Once Brown and Krivacevic return, the Dukes will still have to grind out games. They’re not currently built to win with opponents scoring 70-plus points a night. Dambrot’s teams at Akron were known for their defensive prowess and tenacity. For Duquesne to stack up wins early and build momentum leading into Atlantic 10 play, it must mirror those early Dambrot-led Akron squads—the Zips limited opponents to 66 points a contest his first two seasons.

Assuming a fighter’s mentality gives the Dukes a puncher’s chance in games where they’re clearly outclassed. They have notable deficiencies—size, reliable outside shooting, and depth—but Dambrot still expects to compete and win.

“Our margin of error right now is very small, but we’re still capable of winning,” Dambrot said. “And I won’t accept not winning.”

(Photo by: David Hague)

There’s a definitive buzz surrounding the program unlike previous years, yet fans and media types need to be realistic when evaluating this year’s Dukes squad. Dambrot has stressed patience, even for himself.

“I have to be patient—that’s going to be the biggest test for me,” Dambrot said. “I’ve got to build expectations, but at the same time be patient with where we’re at. We certainly aren’t going to be a finished product.”

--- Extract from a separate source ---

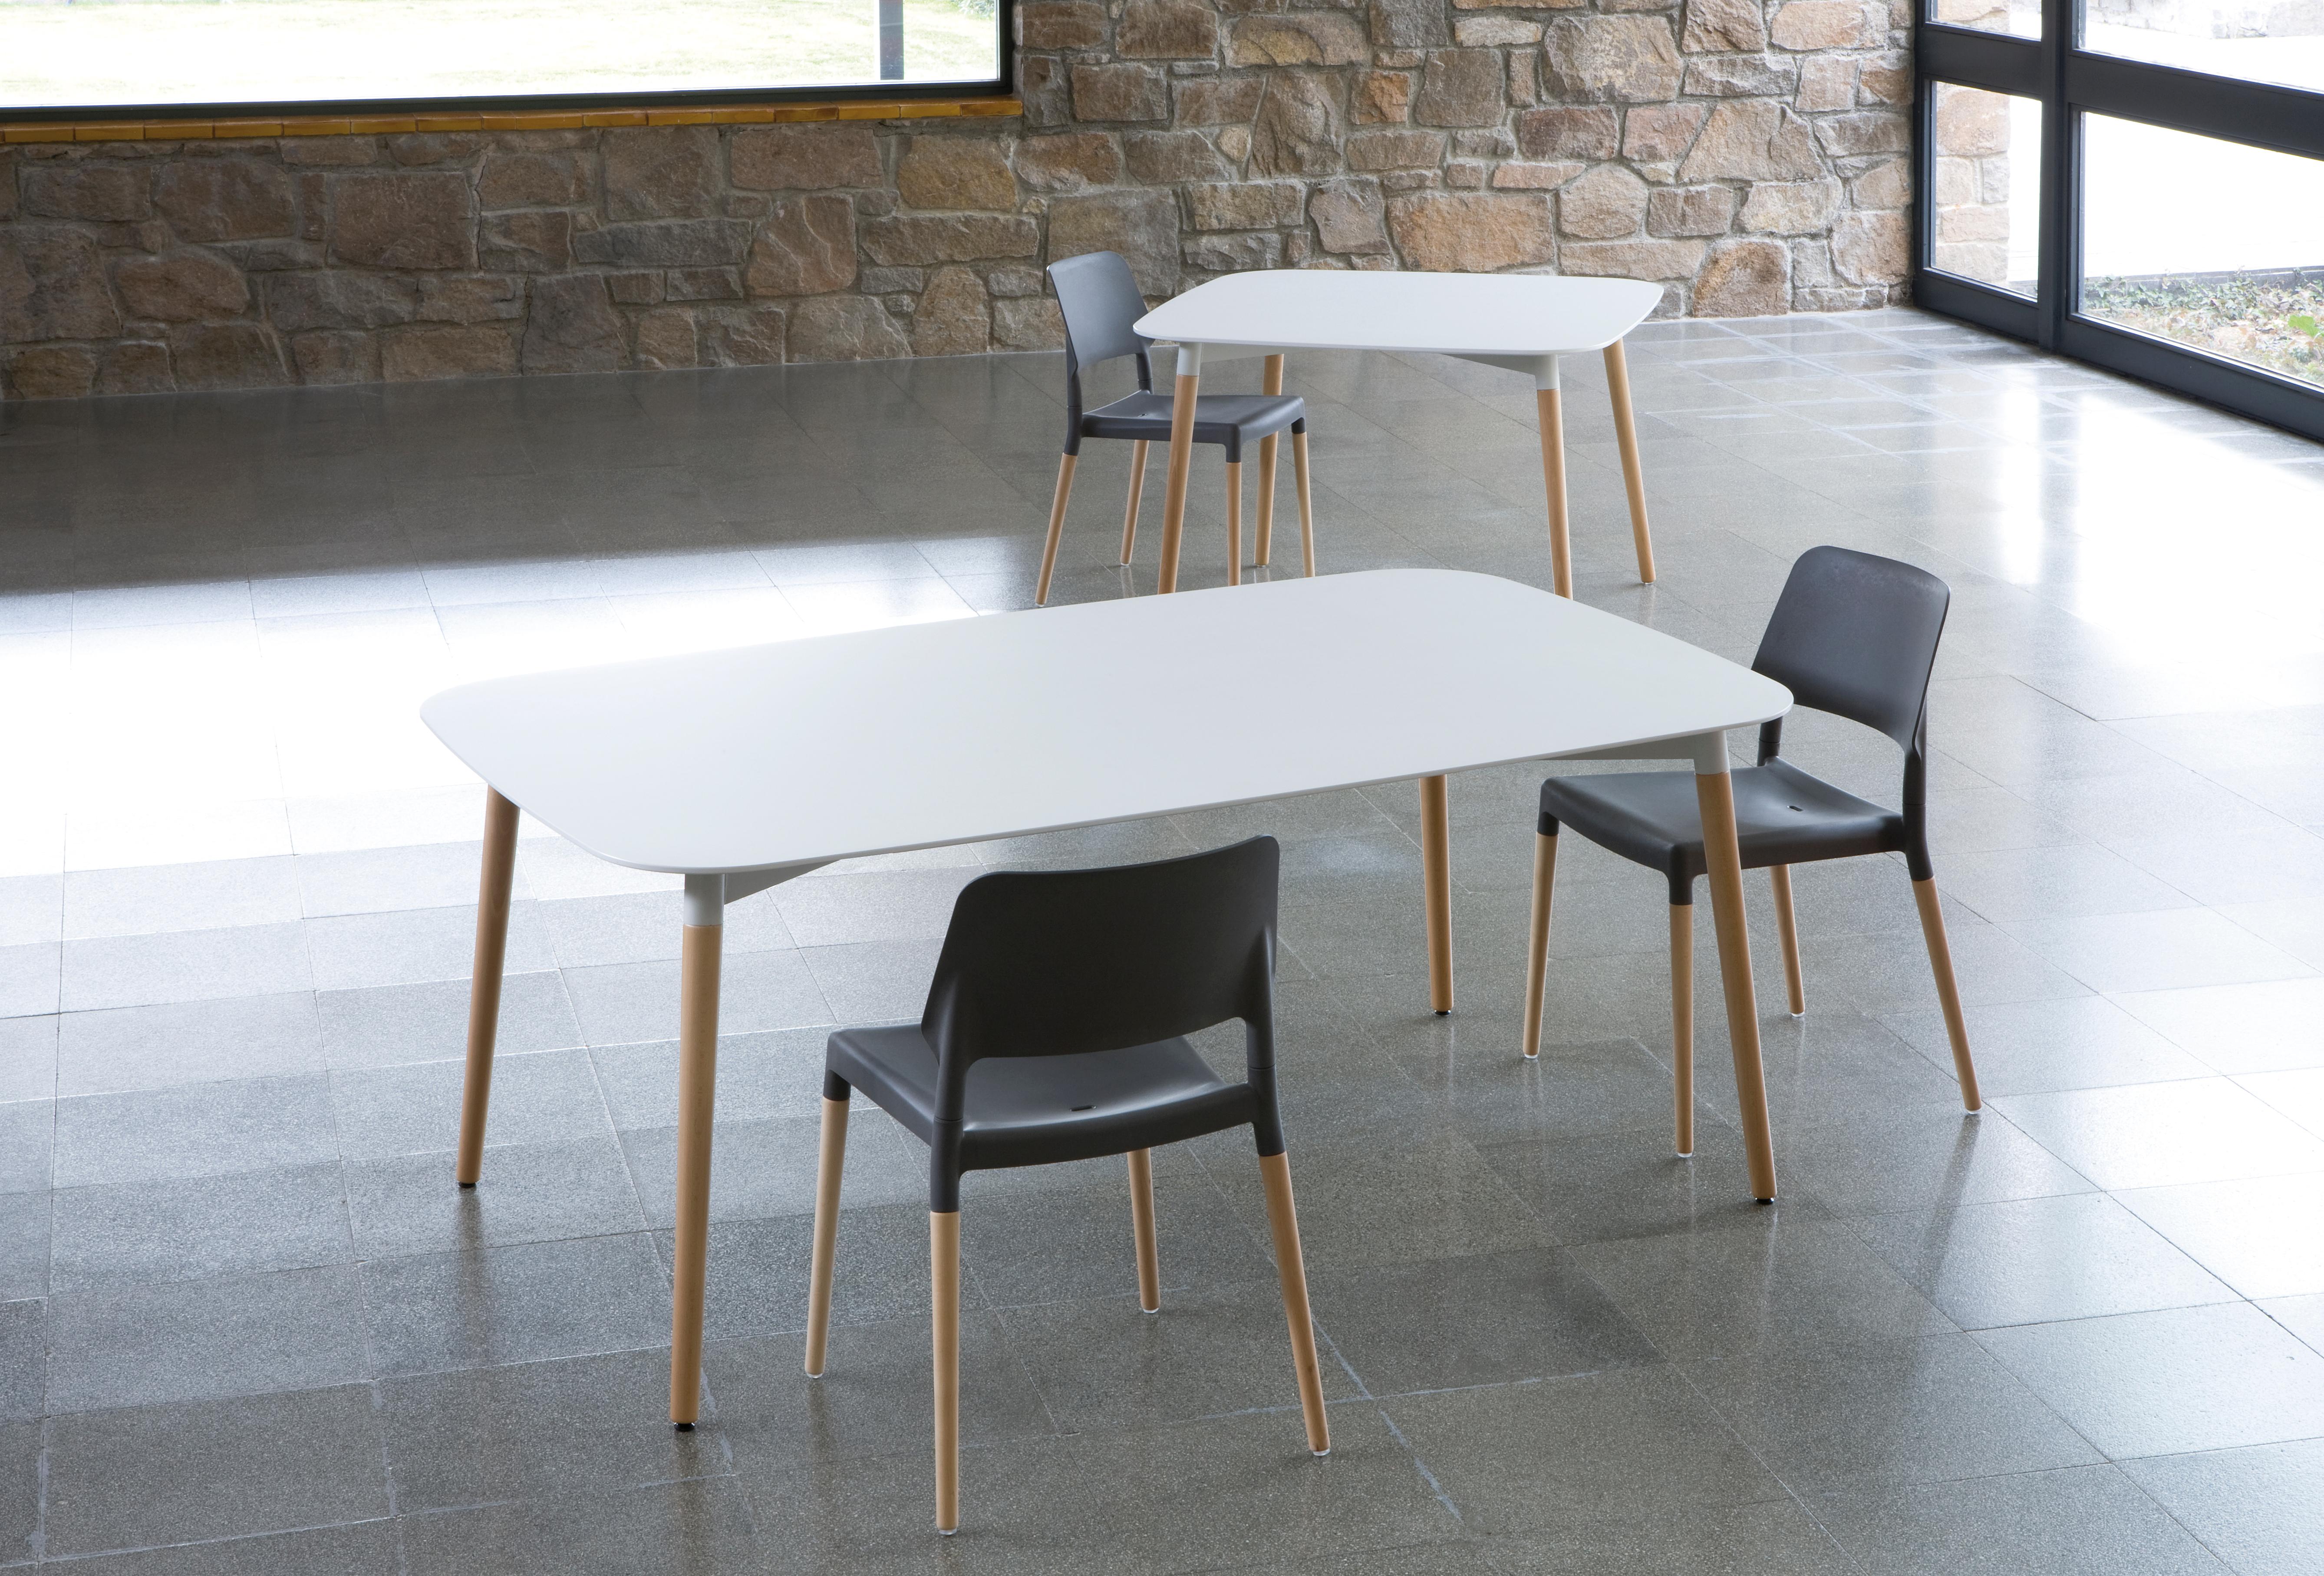 Beech Belloch Cuadrada Table by Lagranja Design

Key developments to watch for this year are the maturation of sophomore Mike Lewis II, the growth of freshmen Eric Williams Jr. and Tydus Verhoeven, and Tarin Smith’s decision-making at point guard. Those four players figure to have prominent roles on the 2018-19 team, and their progress will be paramount to next year’s success.

“This year is not going to make or break us,” Dambrot said. “Now, we want to win as many as we can win, but it’s not going to be the cure all, end all.”

Once Dambrot adds the five transfers sitting out this year and a full recruiting class, the margin of error widens.

“Eventually what happens is you get to the point where your guys are experienced, you’ve got good talent level, and now your margin of error is bigger,” Dambrot said.

The Dukes are not at that level yet. Until then, they’ll have to keep fighting.